DWP officials admit that 30,000 more Brits are owed extra ESA cash due to benefits error
Officials have revealed that a total of 210,000 people are now owed on average £4,000 because they weren't paid enough in the past.
Around £920million in back payments is expected to be dished out to make up for it, and £328million has been dished out so far to 58,000 Brits.
The average payment has been £6,000 so far.
On average ESA claimants are owed £5,000 but some on a severe disability premium could be owed £11,500 each. A “small number” could be owed around £20,000.
Some may also have missed out on free prescriptions and seen their kids go without free school meals.

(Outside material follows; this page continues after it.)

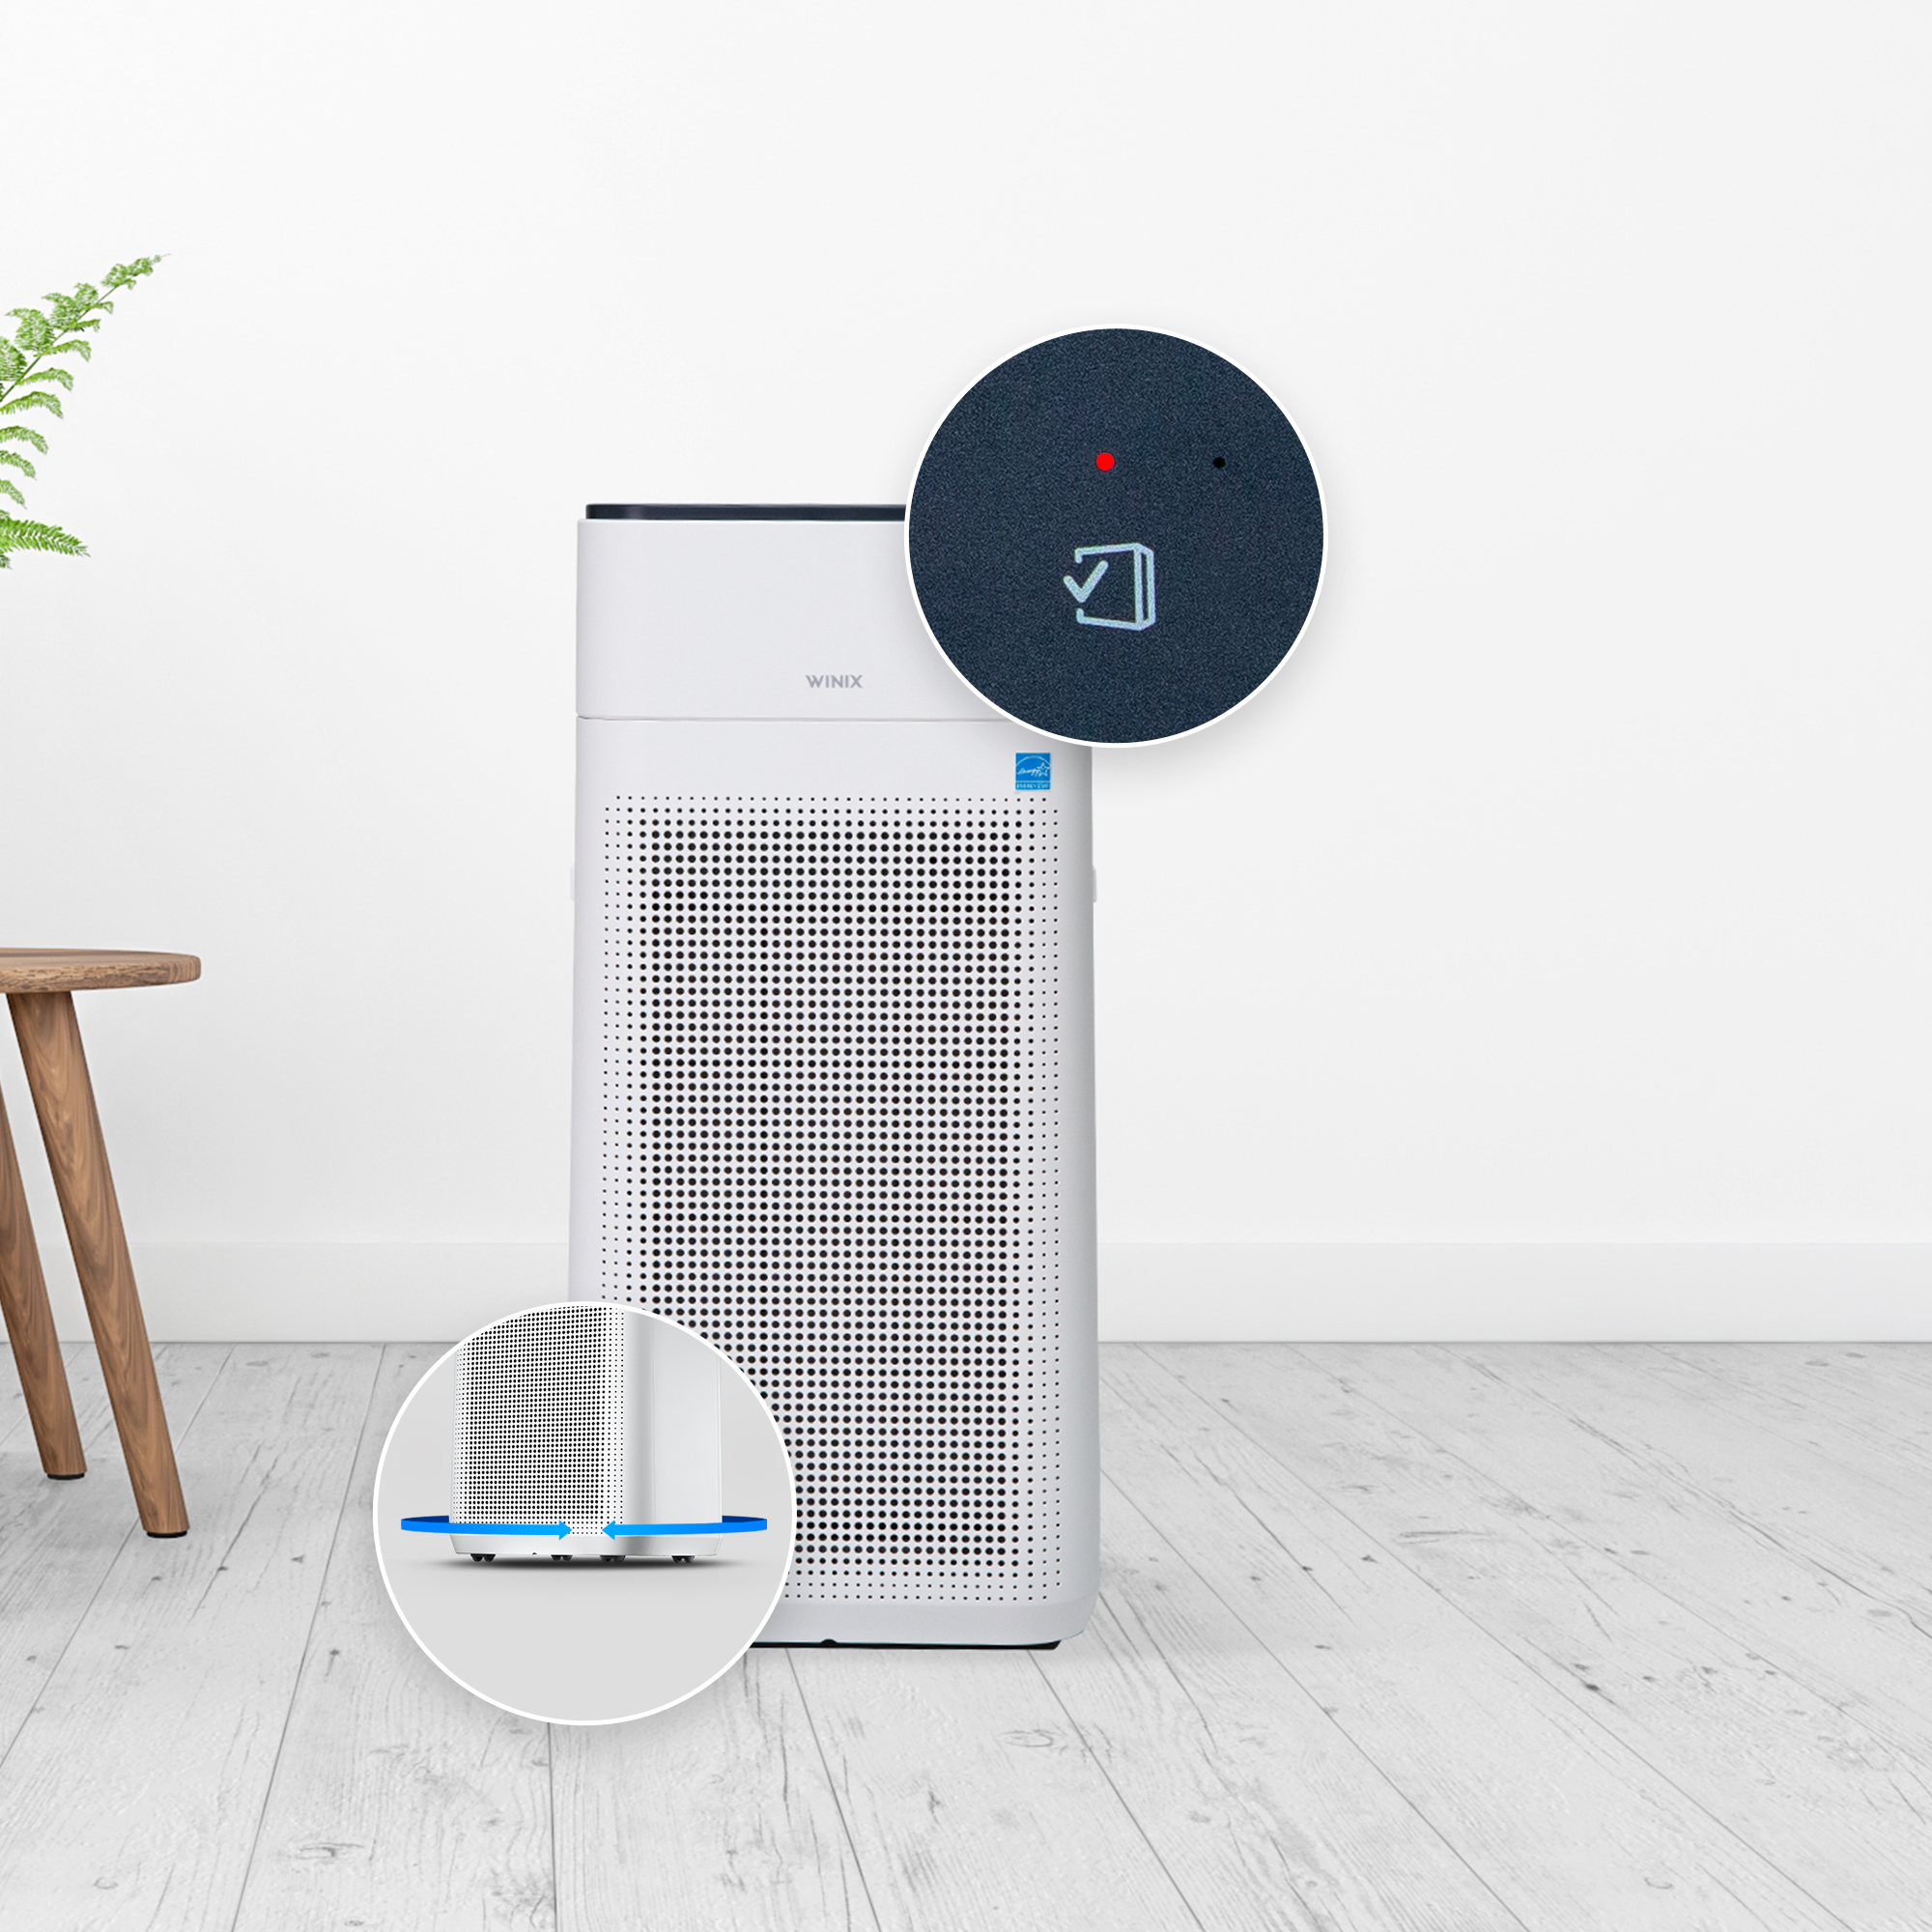 XLC Air Purifier Easy to Use with Check Filter Indicator and Caster Wheels

Between 2011 and 2014 some Brits had not received all of the cash they were entitled so – and had missed out on premiums like the enhanced disability premium.
The error was only found in 2016, and now the Department for Work and Pensions is reviewing more than half a million cases again – and hope to be done by the end of the year.

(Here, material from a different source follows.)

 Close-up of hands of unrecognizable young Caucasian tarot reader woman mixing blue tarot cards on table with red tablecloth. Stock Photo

But it's too late for 20,000 cases where the Brits involved have died.
At first ministers thought just 70,000 were to be hit, but now the total is triple that.

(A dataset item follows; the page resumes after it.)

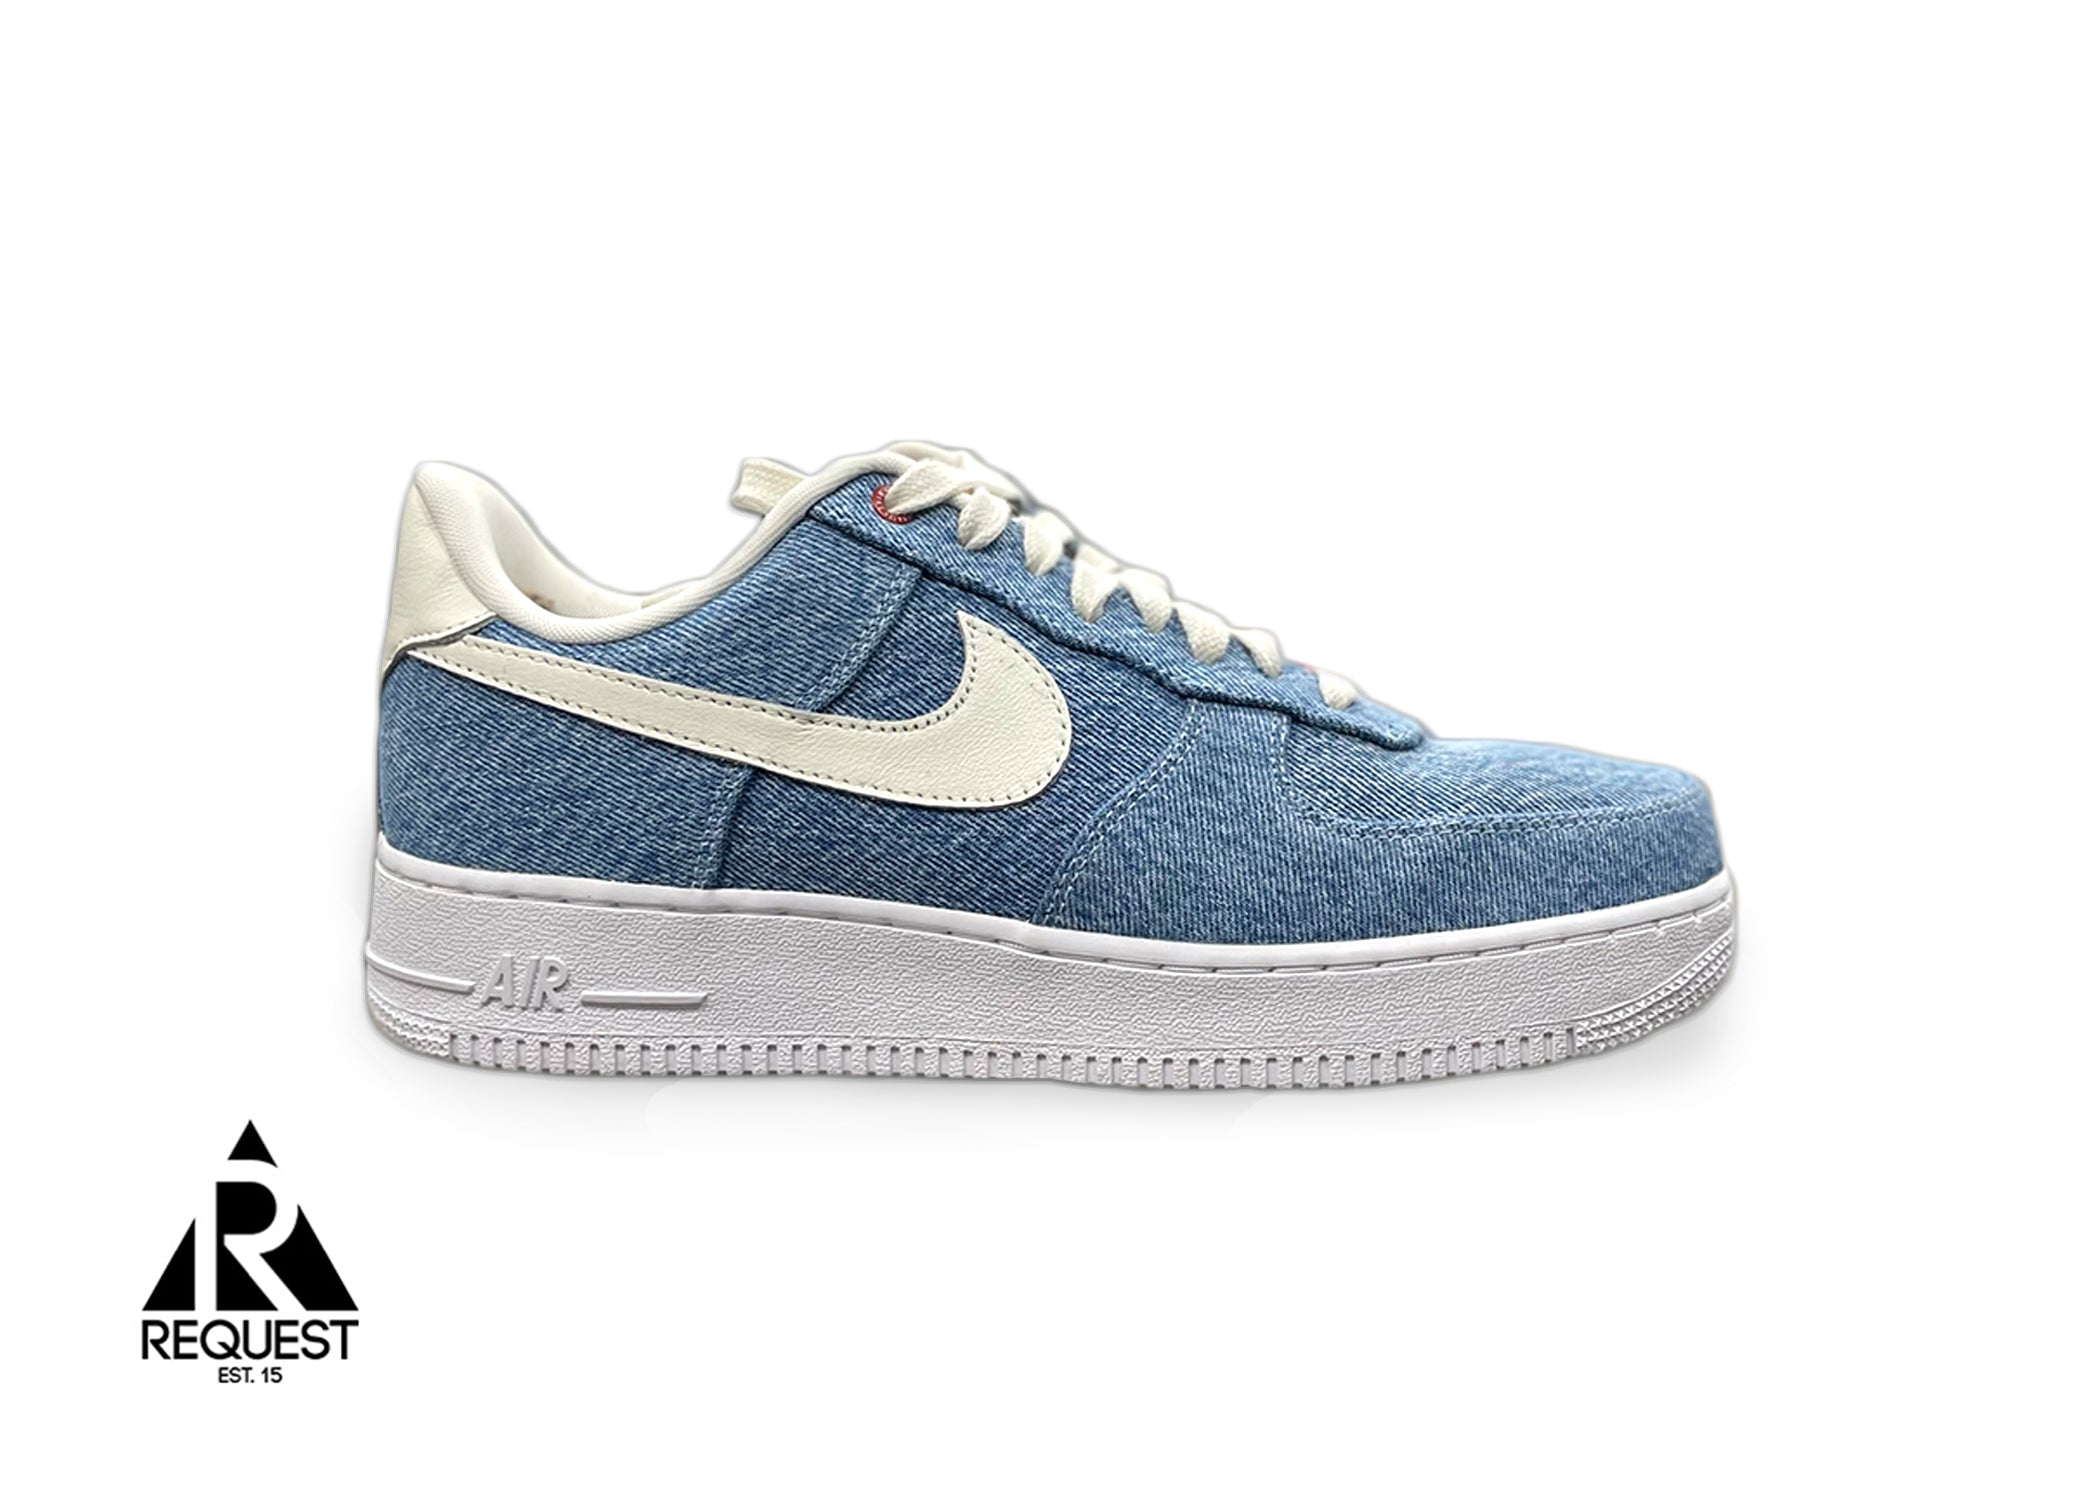 Nike Air Force 1 "By You Levi"

DWP staff said that they are making "good process" on fixing the blunder and officials are ploughing through all the old cases.
1,200 staff are working on the cases too – which will hike the total bill for the error up to around £14million
Labour's Marsha de Cordova, Shadow Minister for Disabled People, said today: "Once again disabled people are suffering as a result of the chaos at the heart of the DWP.
"This mess is yet another example of the hostile environment created for disabled people by this Conservative Government. It is scandalous that tens of thousands of disabled people have died before receiving the social security that they were owed.
“Labour is clear that those affected by these errors must be compensated. The Government’s continued failure to right its wrongs is disgraceful."
A DWP spokesman said today: “We are making good progress reviewing and correcting cases and repaying claimants affected by past ESA underpayments, with over £300 million of arrears paid so far.
"All claimants in the first phase have now been contacted and we have 1,200 specialist staff working to ensure no one loses out.
"Where a claimant has sadly died we are ensuring that any arrears owed to them are paid to their next of kin.”